Vorbeugende Instandhaltung (Preventive Maintenance, PM) ist eine geplante Wartung, die die Lebensdauer einer Anlage durch vorbeugende Maßnahmen wie Schmierung, Inspektionen, Reparaturen und Austausch verlängert, um ungeplante Ausfallzeiten zu vermeiden.

Reaktive Wartung ist eine ungeplante Wartung, die nur dann stattfindet, wenn eine Anlage ausfällt. Sobald ein Mitglied des Wartungsteams die Ursache des Ausfalls identifiziert hat, wird ein Techniker geschickt, um die Anlage wieder betriebsbereit zu machen.

Eine "Run-to-Failure"-Strategie, d. h. das Ausfallenlassen einer Anlage, hat spezifische Vorteile für den Wert der Anlage und die Auswirkungen auf den Betrieb, die je nach Gerät minimal sein können.

Was ist zuverlässigkeitsorientierte Instandhaltung (RCM)?
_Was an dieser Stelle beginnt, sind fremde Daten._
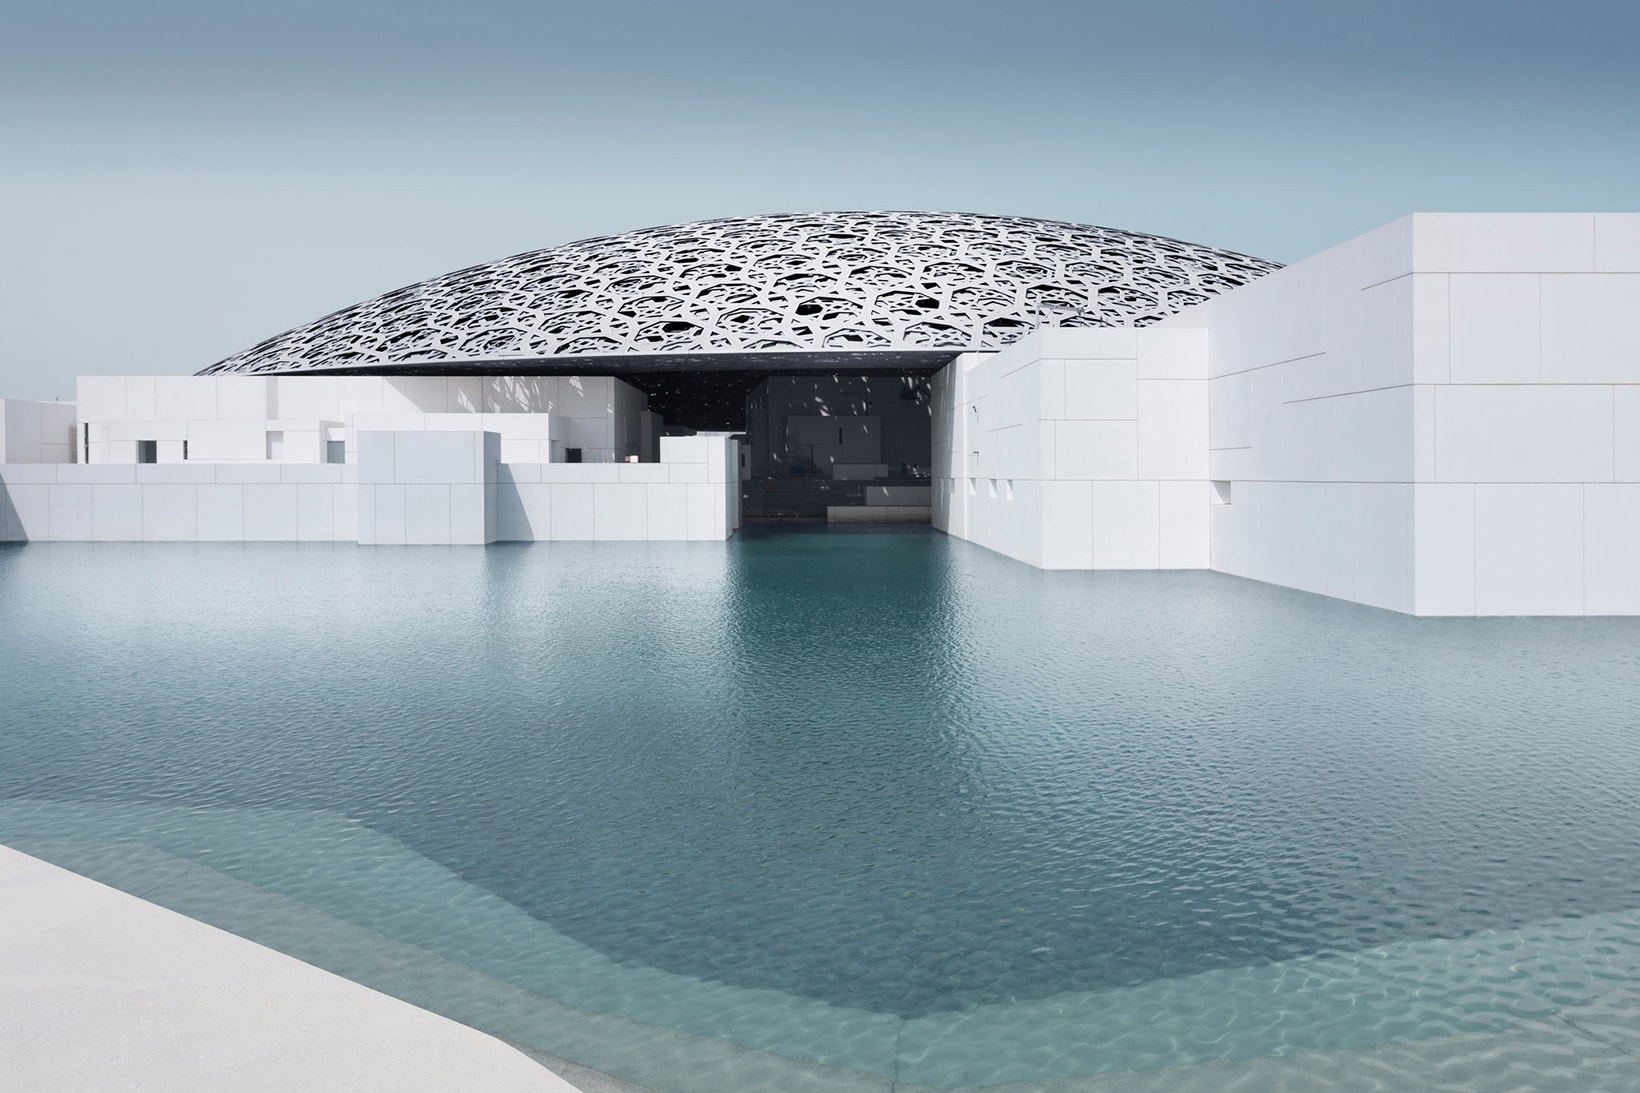 Louvre Abu Dhabi 1 4 Billion USD Museum Preview Video Inside Look UAE Art Design

Man könnte sagen, dass die zuverlässigkeitsorientierte Instandhaltung(RCM) der Urvater aller Instandhaltungs- und Zuverlässigkeitsprogramme und -strategien ist. Das Ziel von RCM ist es, mithilfe spezifischer Prozesse Informationen zu sammeln, die es den Instandhaltungsteams ermöglichen, die am besten geeignete Strategie für das Anlagenmanagement auszuwählen.

Mit Hilfe dieses Prozesses können Zuverlässigkeitsfachleute herausfinden und verstehen, was getan werden muss, um sicherzustellen, dass alle Ausrüstungen weiterhin das tun, was ihre Benutzer von ihnen erwarten (Funktionen), und zwar in ihrem aktuellen Betriebskontext. Dies wird durch die Identifizierung von Anlagenfunktionen, Funktionsausfällen und erwarteten Ausfällen/Ursachen erreicht.
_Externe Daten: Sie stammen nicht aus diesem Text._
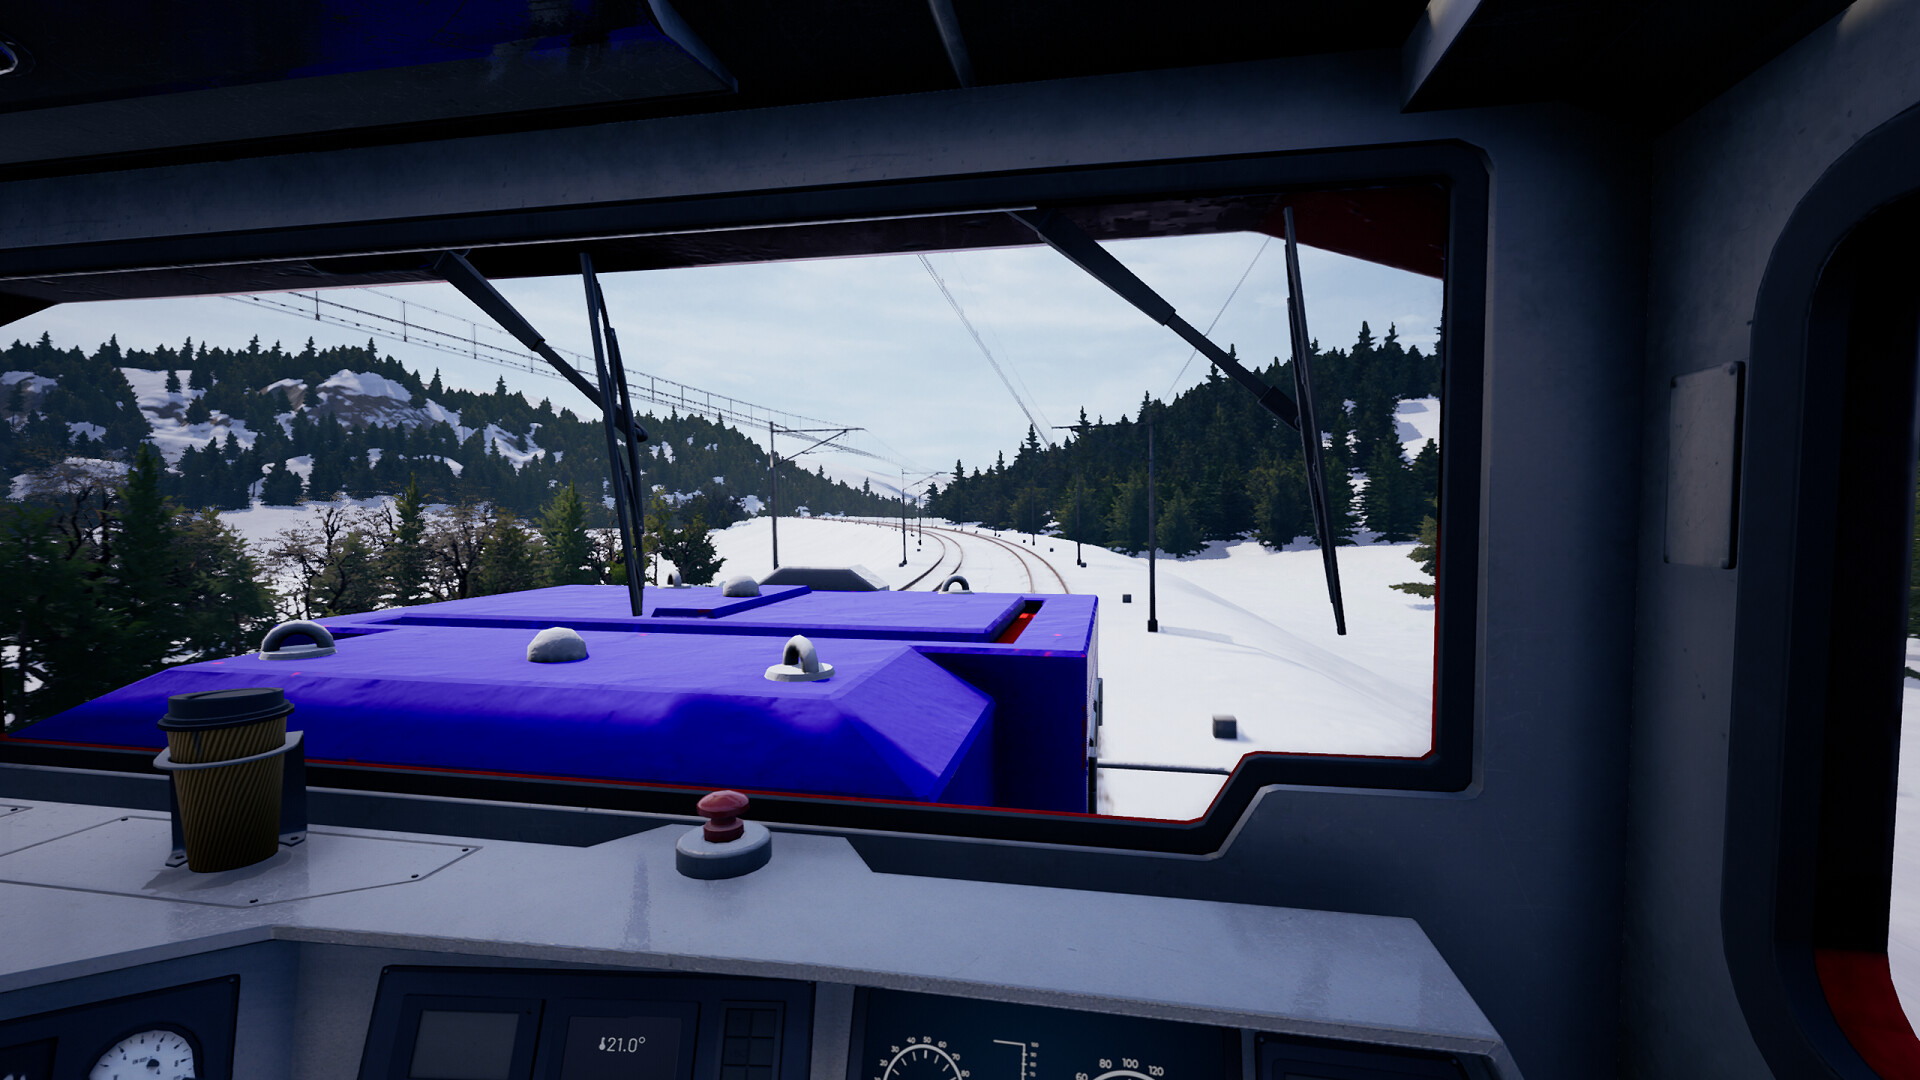 Train Life: A Railway Simulator - screenshot 3

Das Endergebnis ist die Umsetzung einer spezifischen Instandhaltungsstrategie für jedes Gerät in einer Anlage oder einem Werk und die Optimierung des Instandhaltungsprogramms.

Die gute Nachricht ist, dass Sie nicht alle diese Strategien und Programme auf einmal anwenden müssen. Jedes einzelne Programm hat seine Vorteile, und in der Tat ist die Anwendung mehrerer Programme im Allgemeinen vorteilhafter. Ganz gleich, ob Sie mit einer Strategie oder einer Kombination von Wartungsprogrammen beginnen, alle können die Leistung der Anlagen verbessern und die Lebensdauer der Geräte verlängern.